The problem:
Could you output the whole listing exactly as it stands, minus any images?

::: Data below :::

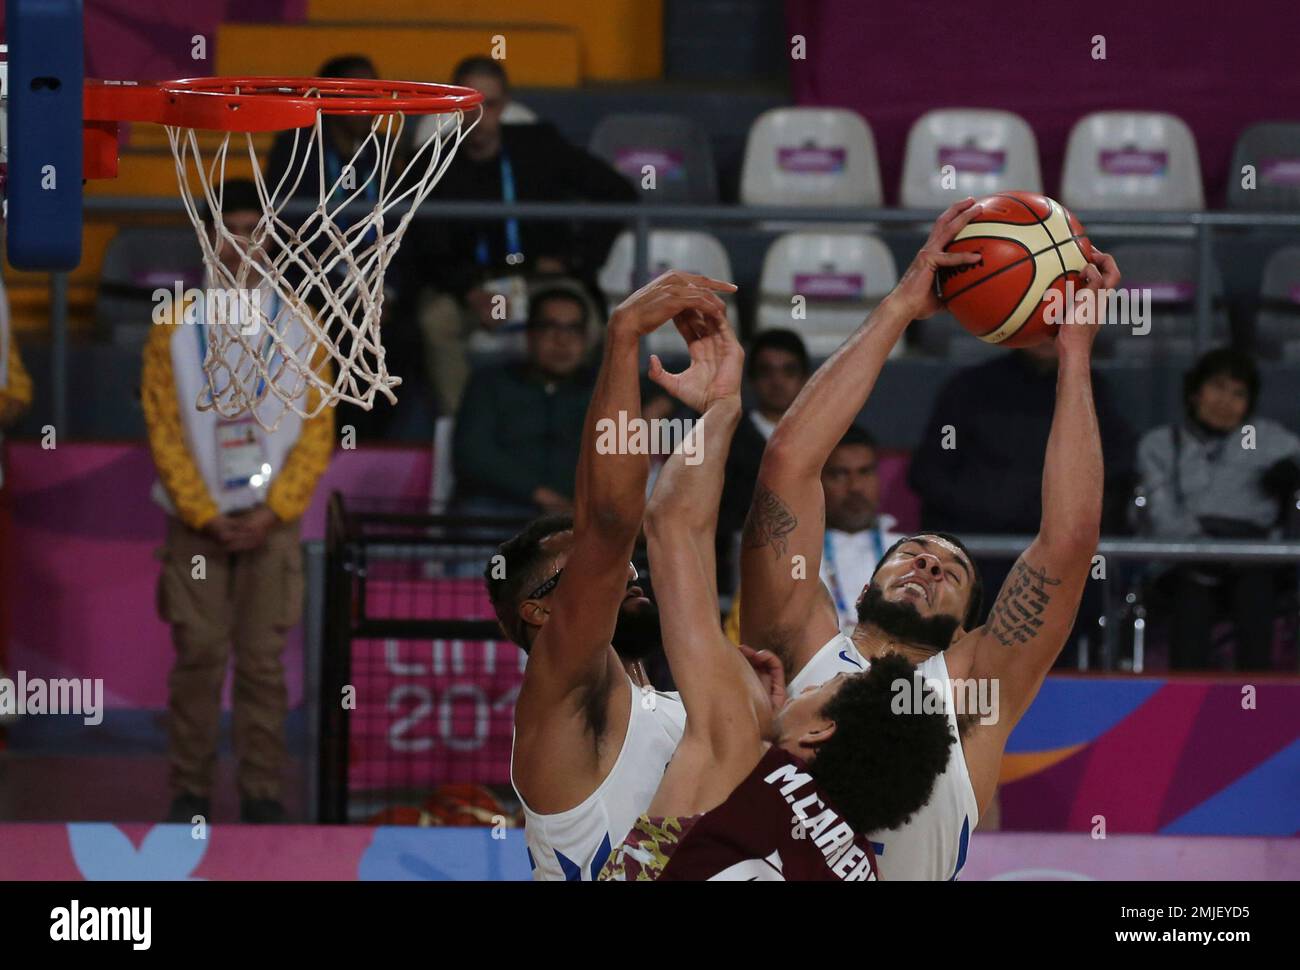 Puerto Rico's Emmanuel Andujar takes a rebound over Venezuela's Michael  Carrera during their basketball first round game at the Pan American Games  in Lima, Peru, Wednesday, July 31, 2019. (AP Photo/Fernando Llano
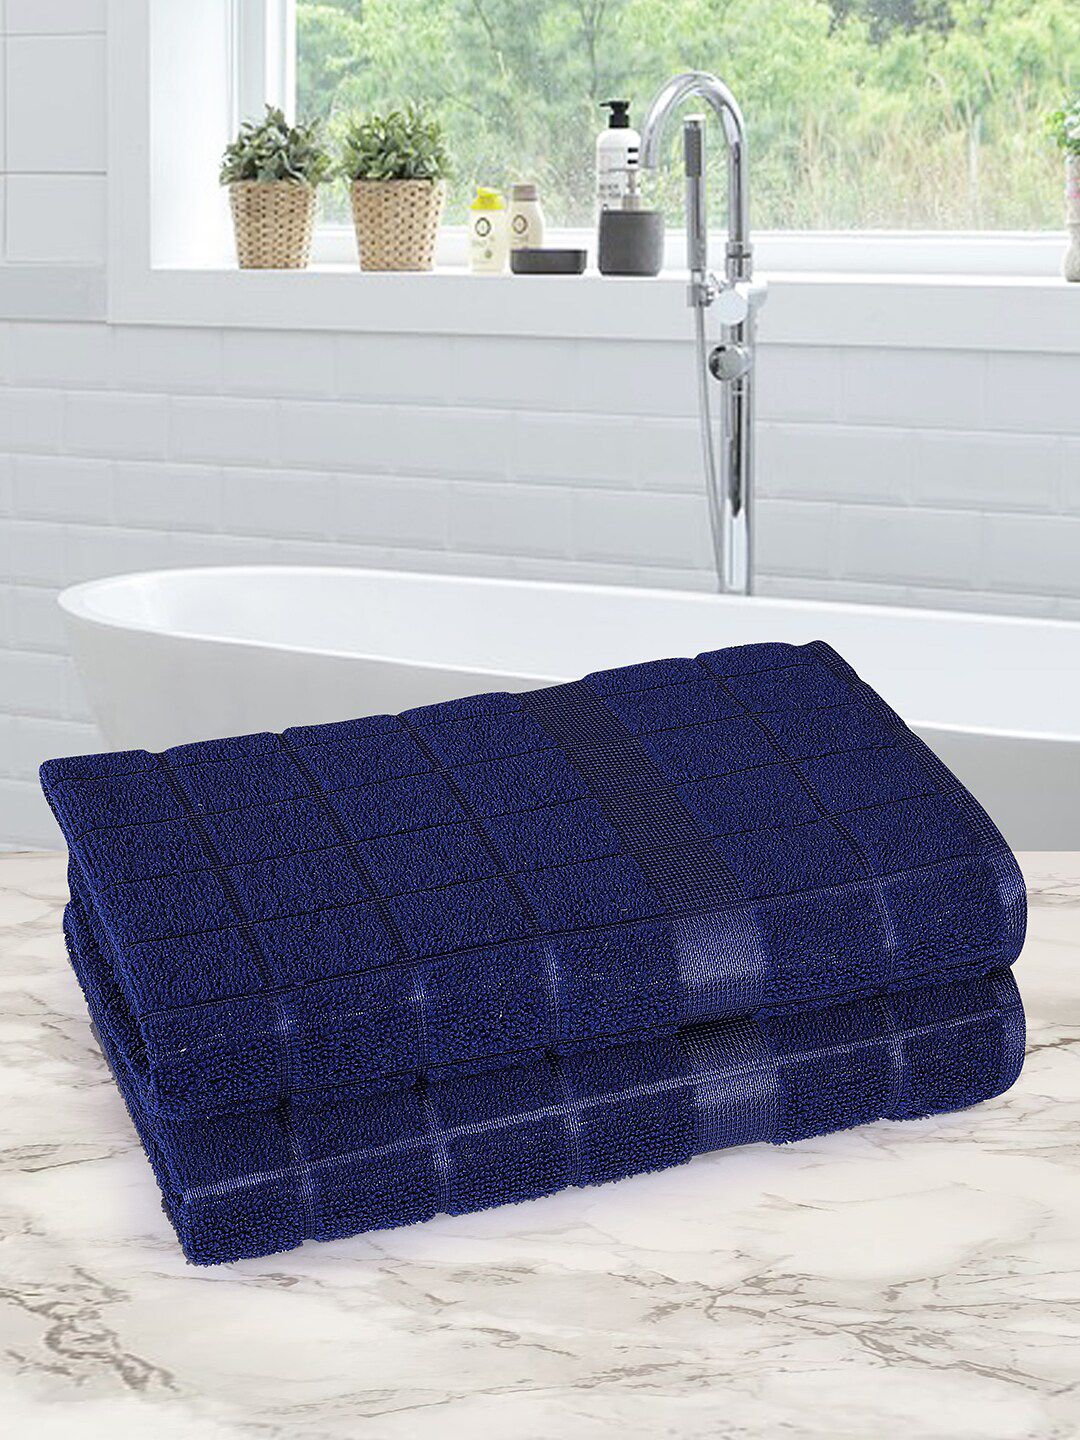 ROMEE Set Of 2 Navy Blue Self-Design 500 GSM Cotton Towels Price in India
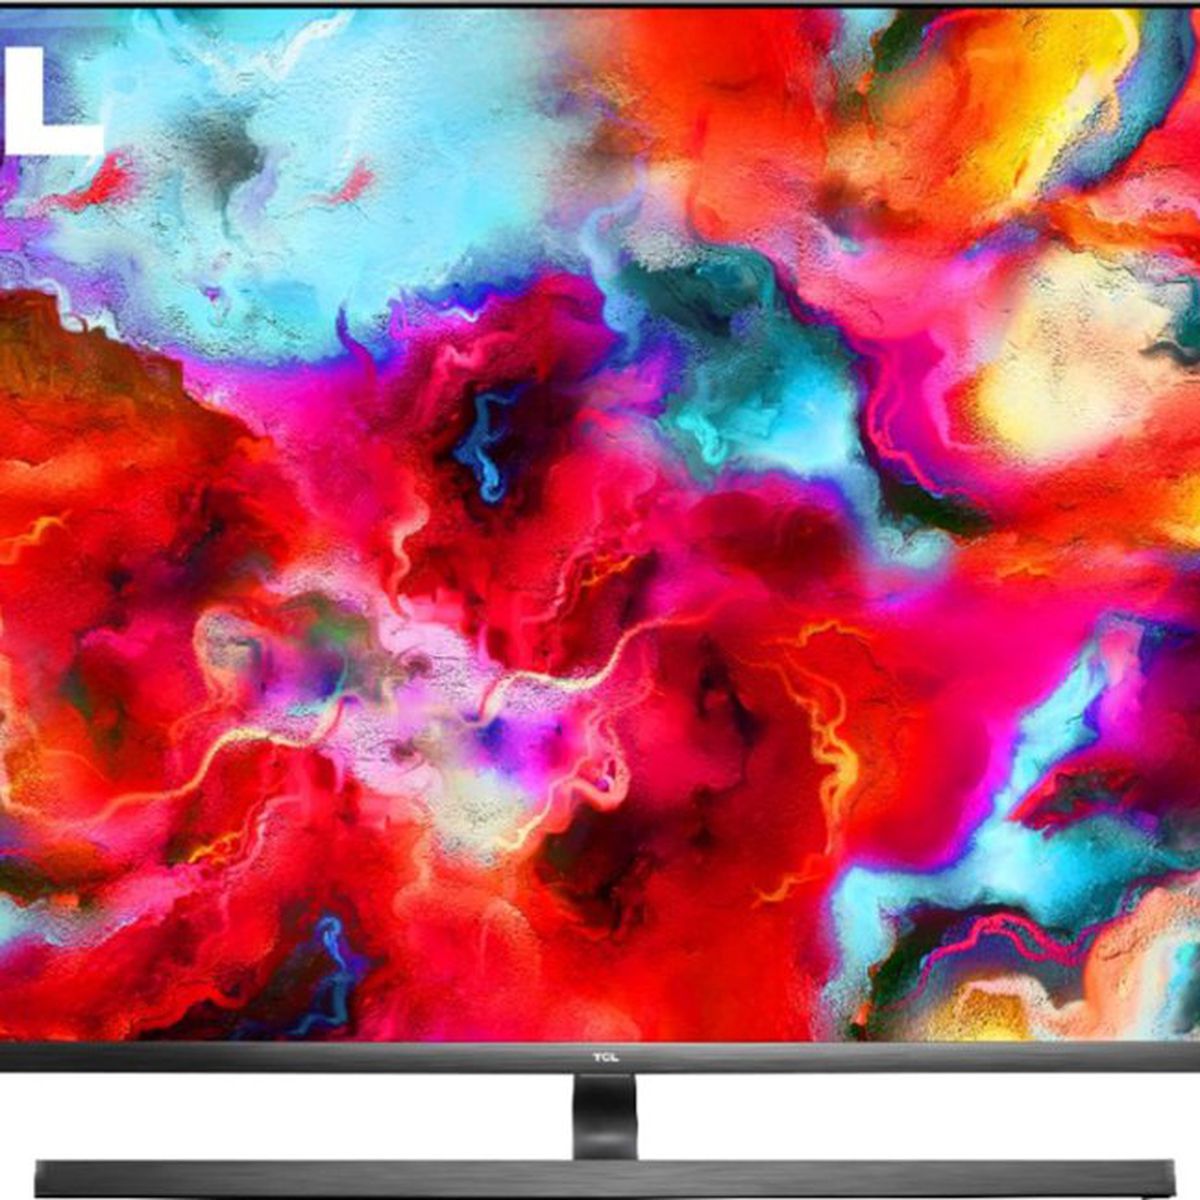 A product shot of the TCL 8-series TV

:::

Exercise solution:
 Puerto Rico's Emmanuel Andujar takes a rebound over Venezuela's Michael  Carrera during their basketball first round game at the Pan American Games  in Lima, Peru, Wednesday, July 31, 2019. (AP Photo/Fernando Llano
 ROMEE Set Of 2 Navy Blue Self-Design 500 GSM Cotton Towels Price in India
 A product shot of the TCL 8-series TV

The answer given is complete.